Is it overfitting?

ksksingh022 · August 31, 2019, 1:28pm

See the results i am getting. Please tell me whats happening internally i just can’t understand whats going on? doubt_deep_learnig

KevinB · August 31, 2019, 3:37pm

Hmm, I would look for data leakage. Not sure what you’re training but it looks like maybe your validation set has the same content maybe? That’d be my first check at least.

ksksingh022 · August 31, 2019, 4:12pm

This is the batch. These are the images of cracks on walls I have chesked the dataset most of the images looks quite similar although they differ a bit.
i got the dataset friom here - https://data.mendeley.com/datasets/5y9wdsg2zt/2

KevinB · August 31, 2019, 6:28pm

Can you share the code you are using to create your databunch and learner?

ksksingh022 · August 31, 2019, 11:24pm

data=ImageDataBunch.from_folder(path,train=’.’,valid_pct=0.2,ds_tfms=get_transforms(),size=224,num_workers=4).normalize(imagenet_stats)

learn=create_cnn(data,models.resnet34,metrics=error_rate)

KevinB · September 1, 2019, 2:14am

“The dataset is generated from 458 high-resolution images (4032x3024 pixel) with the method proposed by Zhang et al (2016).”

I am guessing this is the issue you’re running into. Is there a train and test folder? You may need to define your dataset slightly different if they expect you to only use training images for training and test for validation or something.

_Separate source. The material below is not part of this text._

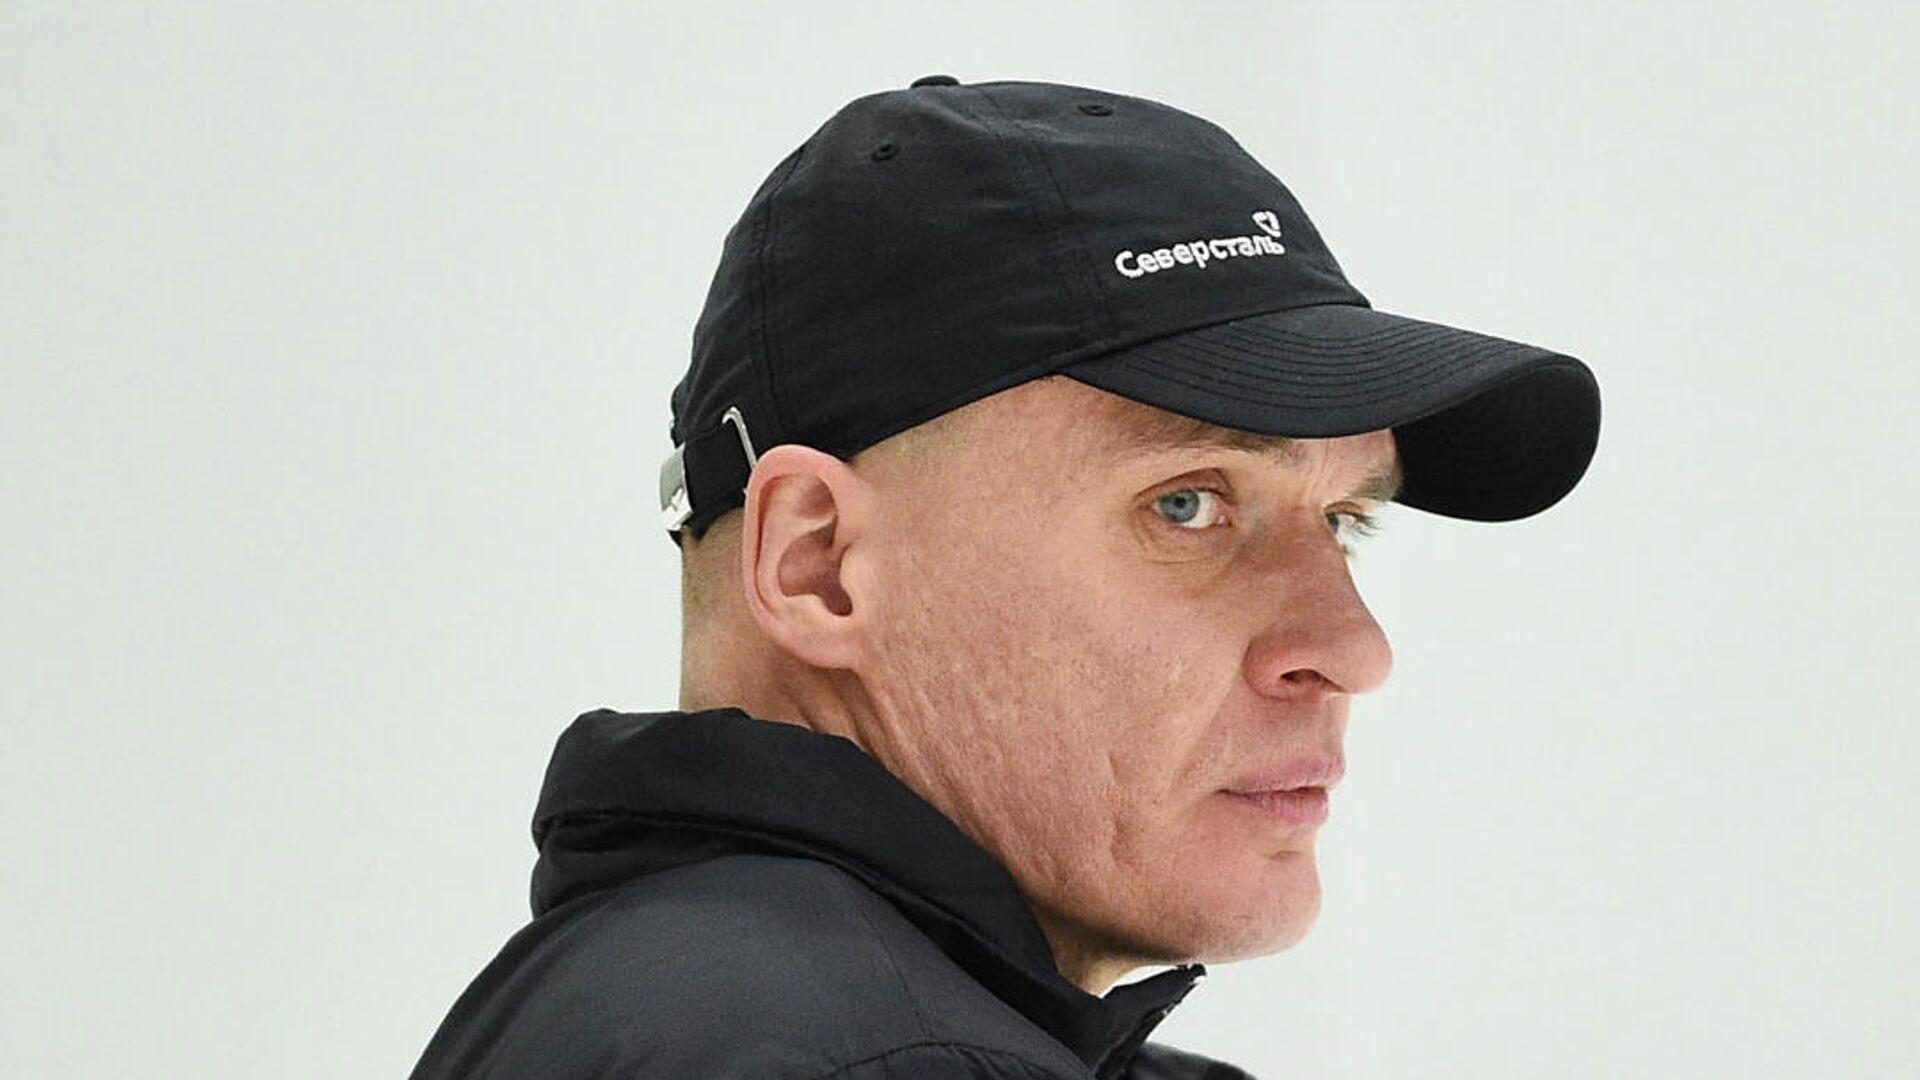 Главный тренер хоккейного клуба Северсталь Андрей Разин - РИА Новости, 1920, 18.11.2020
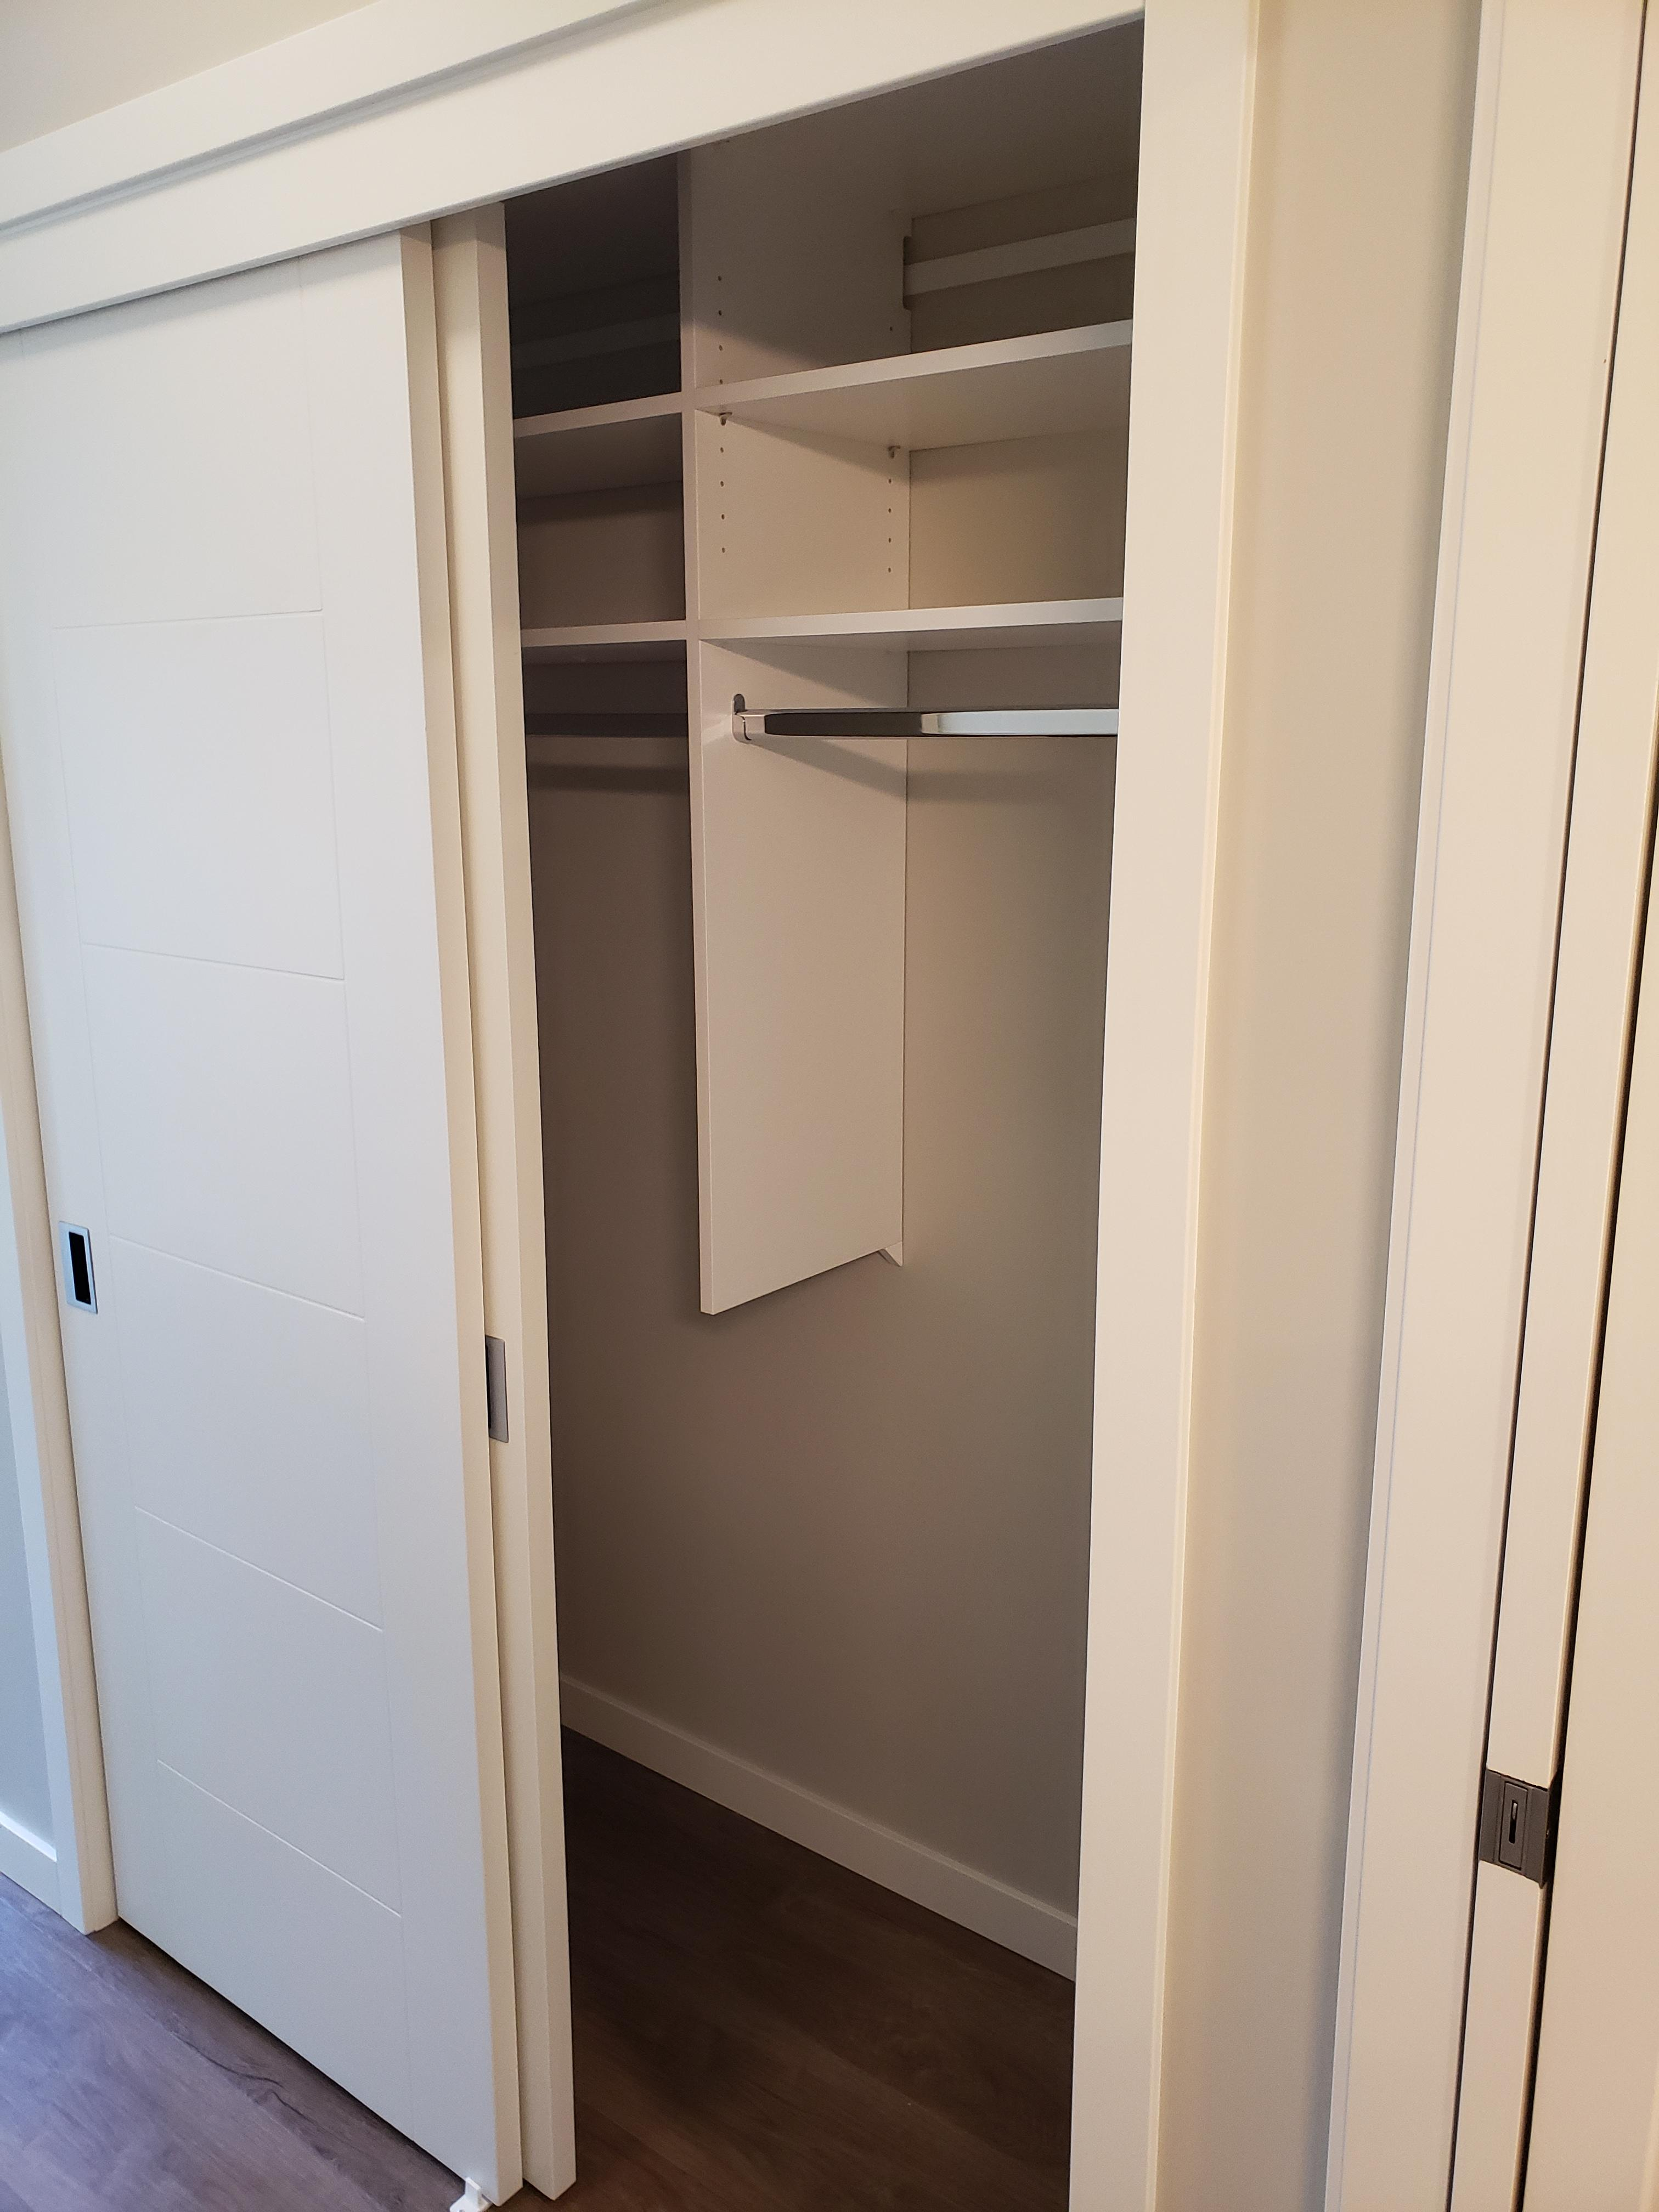 207, 12 Mahogany Path SE, Calgary, Alberta, 2 Bedrooms Bedrooms, ,2 BathroomsBathrooms,Condo,For Rent,Mahogany Path,207,1093

ksksingh022 · September 1, 2019, 6:20am

actually the dataset has 40000 images, i dont have that much computation power so i was trying to create classifiers by randomly choosing 200 images from each category so total 400 images. It didn’t had any seperate train and test folder.
I am unable to understand what had happened train loss is larger than validation loss and also 0 error_rate

KevinB · September 1, 2019, 6:21am

right, the dataset has 40000 images, but they are all generated from 458 high-resolution images (assuming I’m reading that correctly).

ksksingh022 · September 1, 2019, 6:23am

so what can i understand from this?

KevinB · September 1, 2019, 6:27am

Originally, there were 458 images. My guess is that they split this into a training set and validation set then they did whatever method Zhang et al (2016) proposes to generate the 40000 images. So you are taking those 40000 and splitting it into a train and validation set which are going to have some of the 458 in both the train and validation sets.

ksksingh022 · September 1, 2019, 6:29am

okay… So what can be the appropriate way to train model in such databases?

KevinB · September 1, 2019, 6:30am

Let me download the dataset quick and make sure I’m not completely wrong first.

KevinB · September 1, 2019, 6:47am

I would say if this is for learning, I would find a different dataset only because they are generating these from 458 images and they don’t have any validation set set aside. I see a few images that definitely confirm my thoughts on what is happening though. Here are three:

So if one of these was placed in the validation set and the other two were put into the training set, it would be a lot easier for the model to figure out because of the similar features present in these images.

If you really want to see how this model does, you may need to find images of cracked concrete on google images or take some pictures on your own of cracked concrete (and non-cracked) and use those. Probably will need to put your own data together though to really validate that your model is improving.

ksksingh022 · September 1, 2019, 6:52am

Oh now I got it. Thanks for the help.